The Broader Picture for Rare Disease Diagnosis

Rare diseases affect roughly one in 17 people at some point in their lives, and many of those conditions are paediatric. The so-called “diagnostic odyssey” — the years some families spend moving from specialist to specialist without a clear answer — is a well-documented problem in healthcare systems around the world, including the NHS.

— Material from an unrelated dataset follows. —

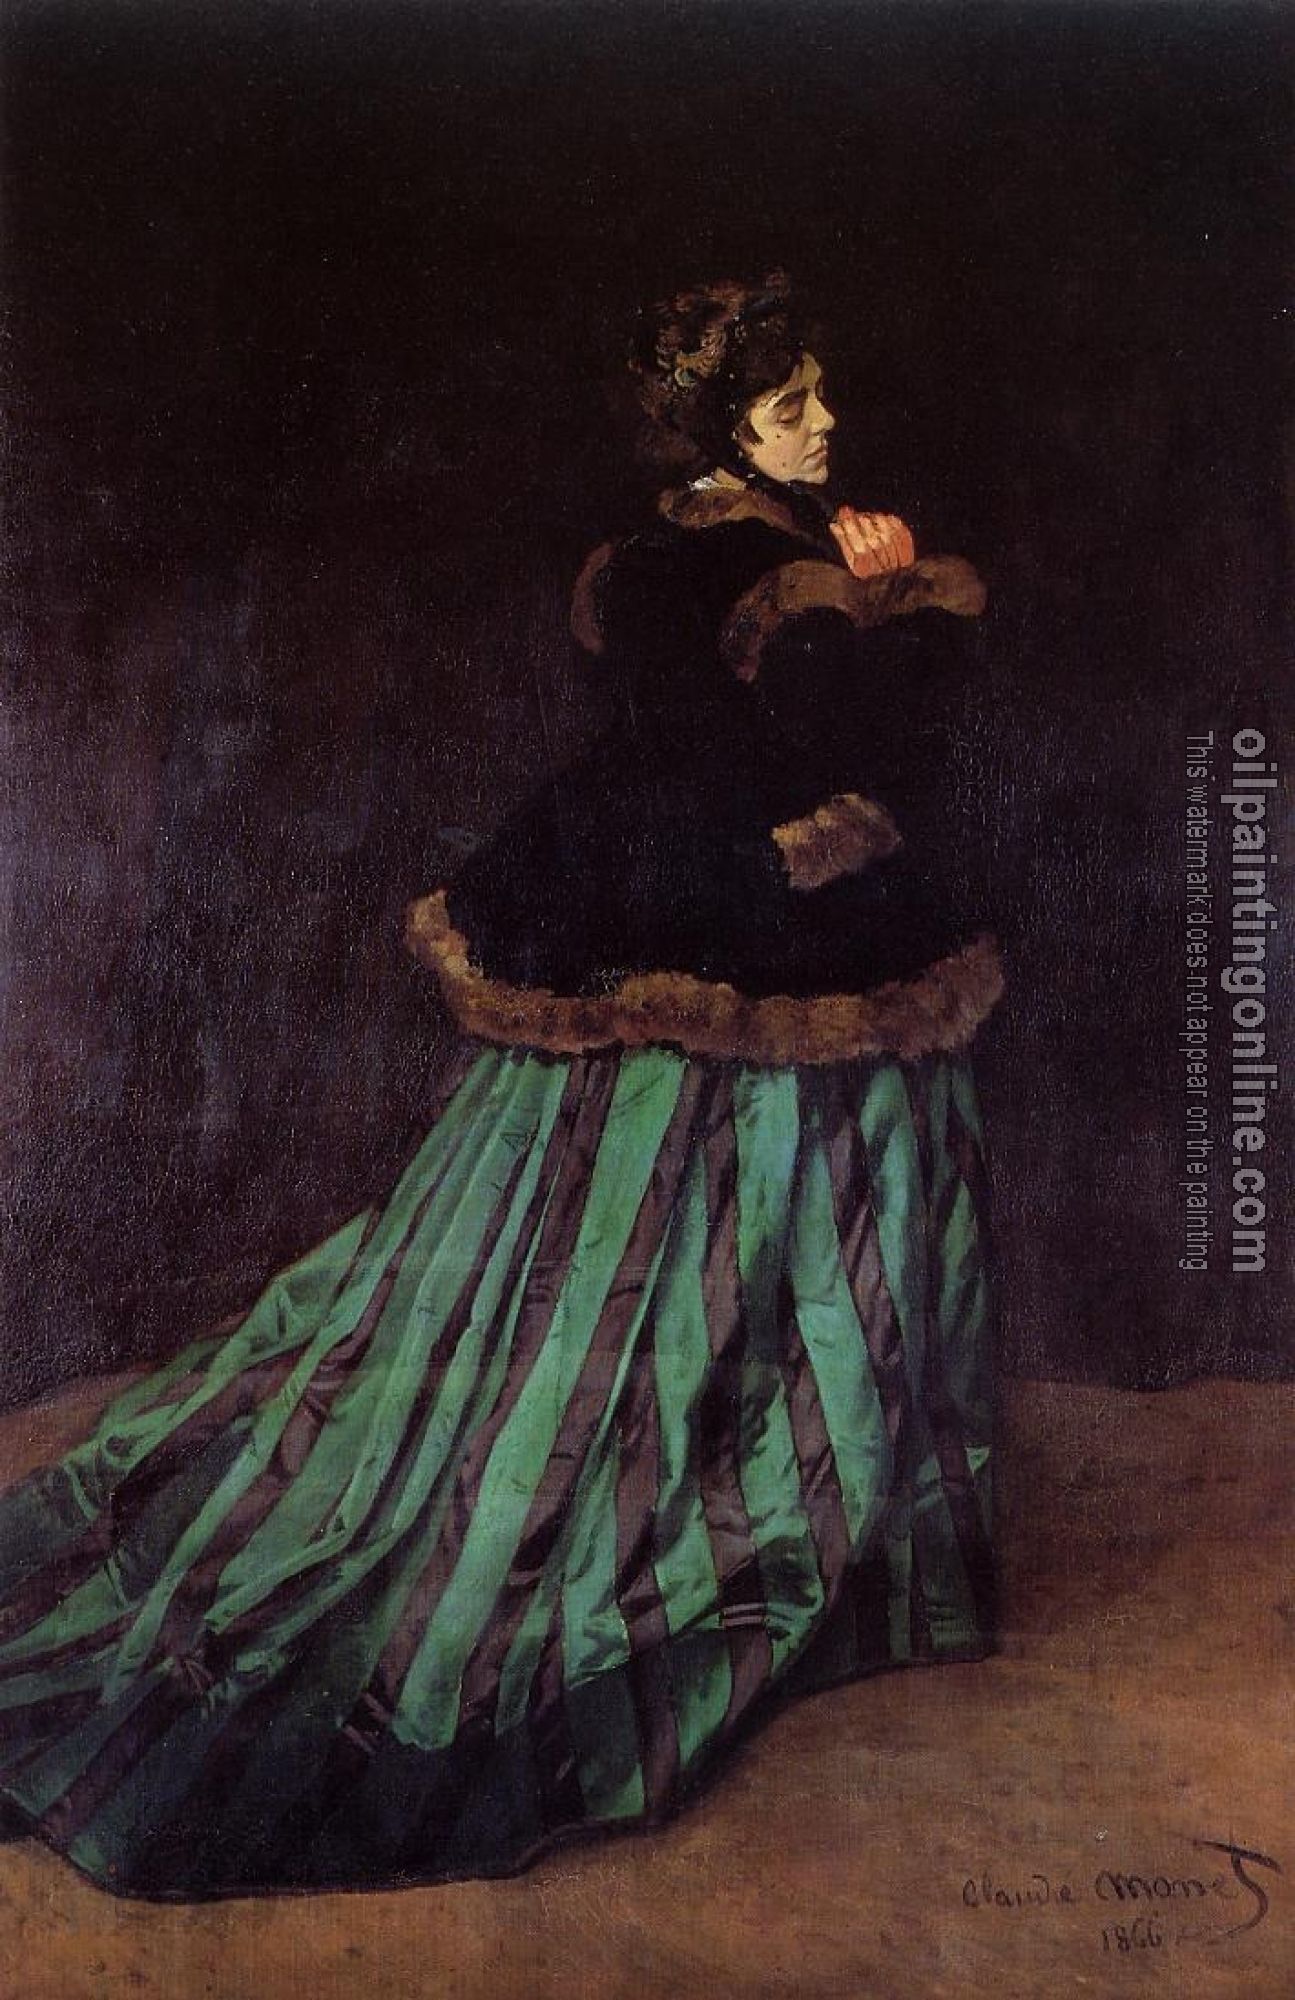 Monet, Claude Oscar - Camille, The Woman in a Green Dress

The promise of AI-assisted re-analysis is that it could help reduce that odyssey. But it won’t happen overnight, and it won’t happen without specialist clinical infrastructure to review whatever the AI surfaces. The 18 diagnoses in this study came through a rigorous process at one of the world’s leading children’s hospitals, with expert human review at every stage.

And that’s the honest caveat here. The technology is promising. The early results are real. But scaling this to routine clinical use — with the safeguards that patients deserve — is a different challenge entirely.

What This Means for Kent Residents

There is no confirmed involvement from NHS Kent and Medway or any Kent hospital in this research. But for families here in Kent who are living through a rare disease diagnostic odyssey with a child, this study is a meaningful development to follow. If AI-assisted case re-analysis methods like those used at Boston Children’s Hospital are eventually adopted within NHS specialist pathways, it could in principle benefit patients referred through UK rare disease networks — including those from Kent. For now, it’s a research finding rather than an available service, but it’s the kind of work that shapes where NHS diagnostic medicine heads next.